Work instructions:
Range to copy from the entries below: the line containing "Pink Mimosa flower" through the line containing "How to Draw", inclusive. Retype only those lines, exactly, without any images.

Input:
+ + +

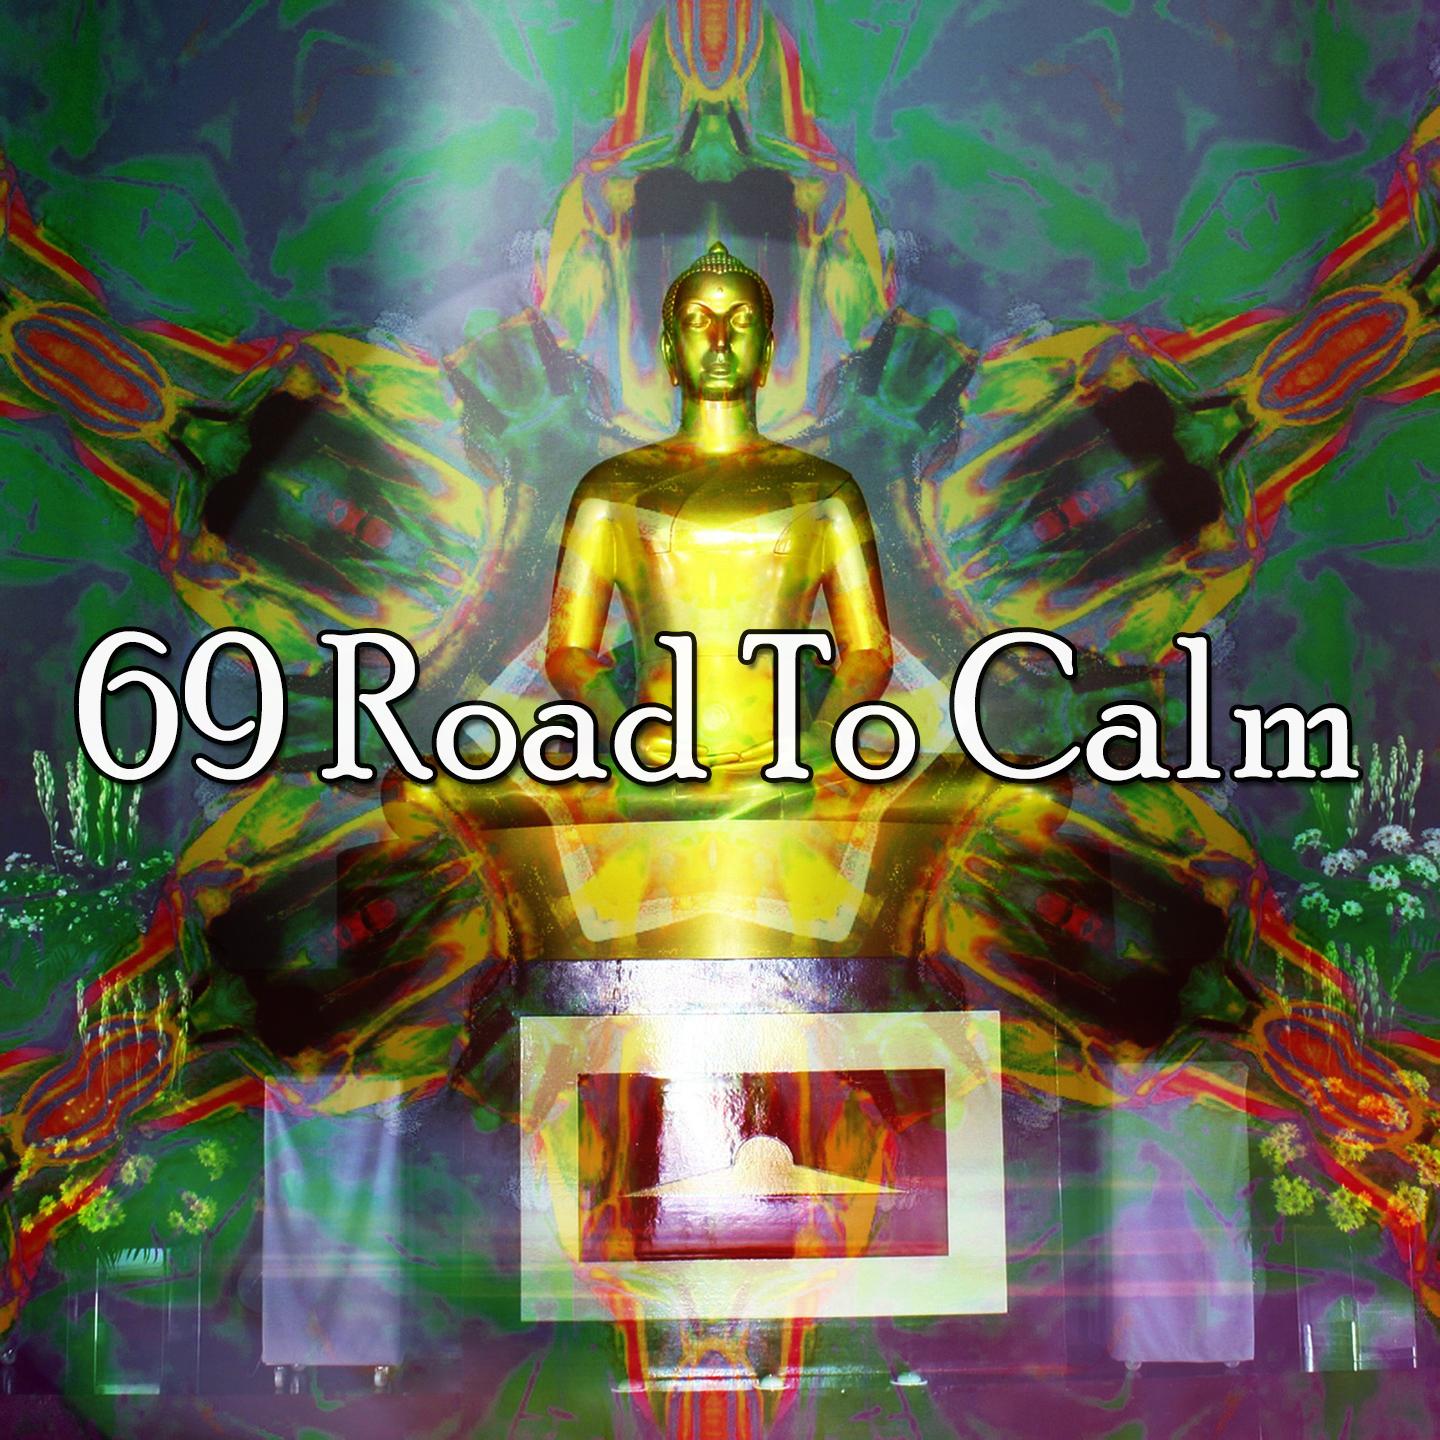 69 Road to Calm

+ + +

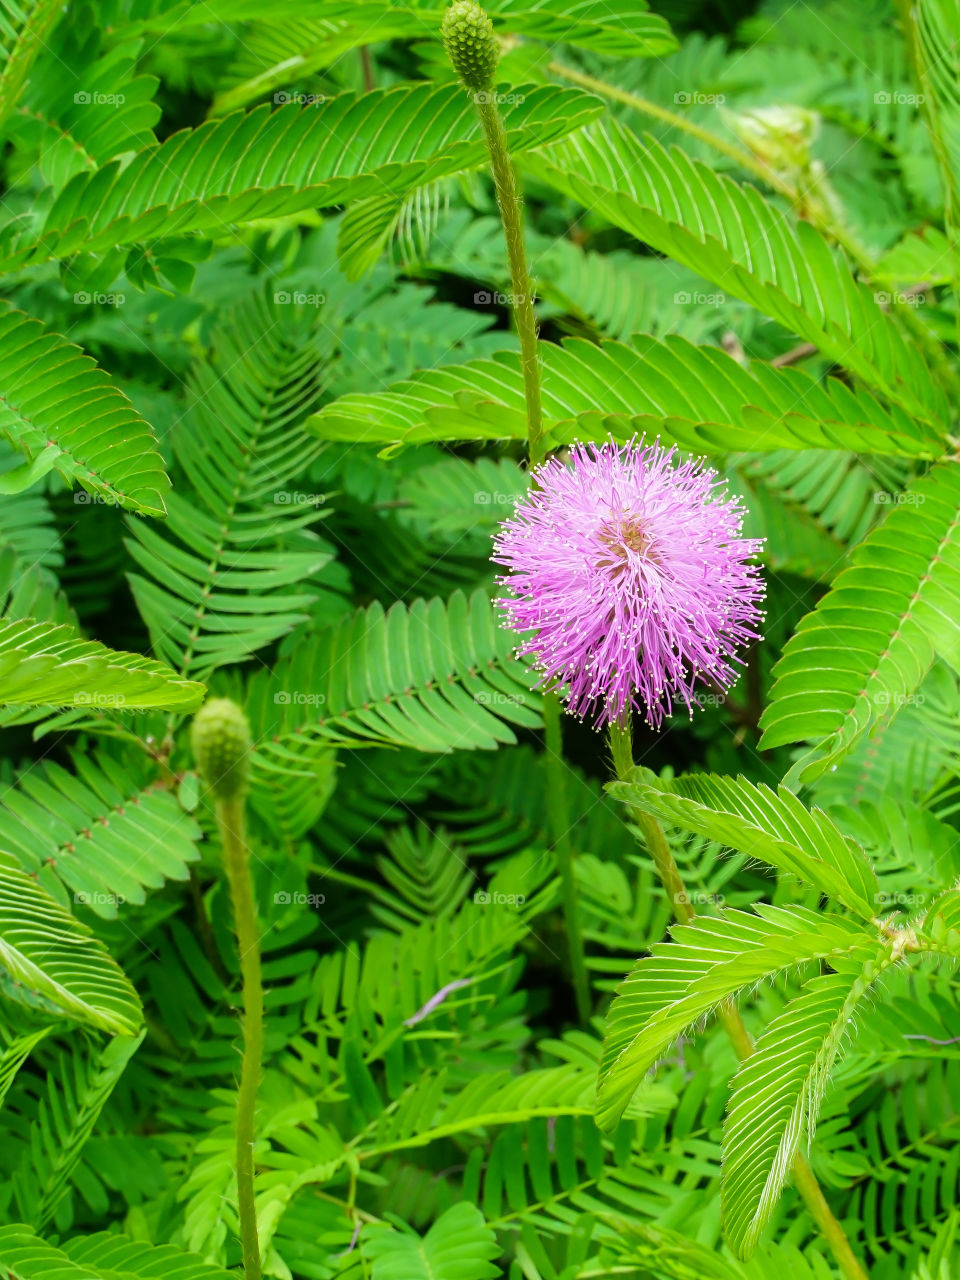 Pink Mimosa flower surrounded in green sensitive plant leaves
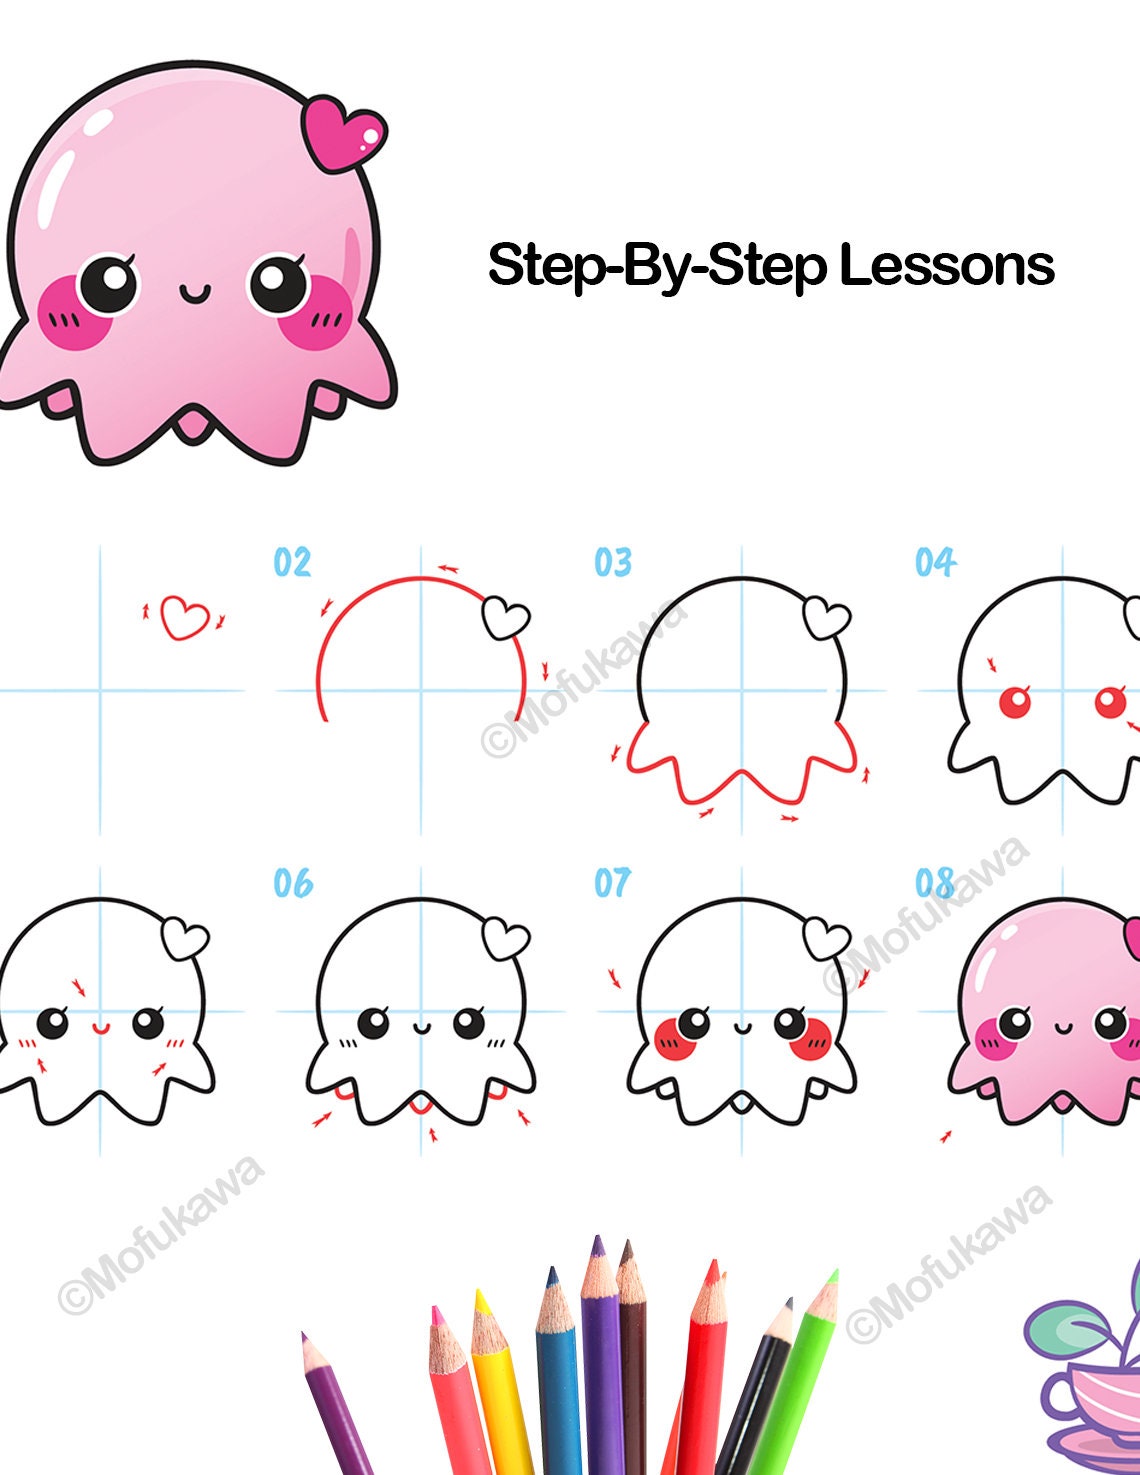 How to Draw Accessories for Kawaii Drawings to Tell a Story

+ + +

Expected answer:
 Pink Mimosa flower surrounded in green sensitive plant leaves
 How to Draw Accessories for Kawaii Drawings to Tell a Story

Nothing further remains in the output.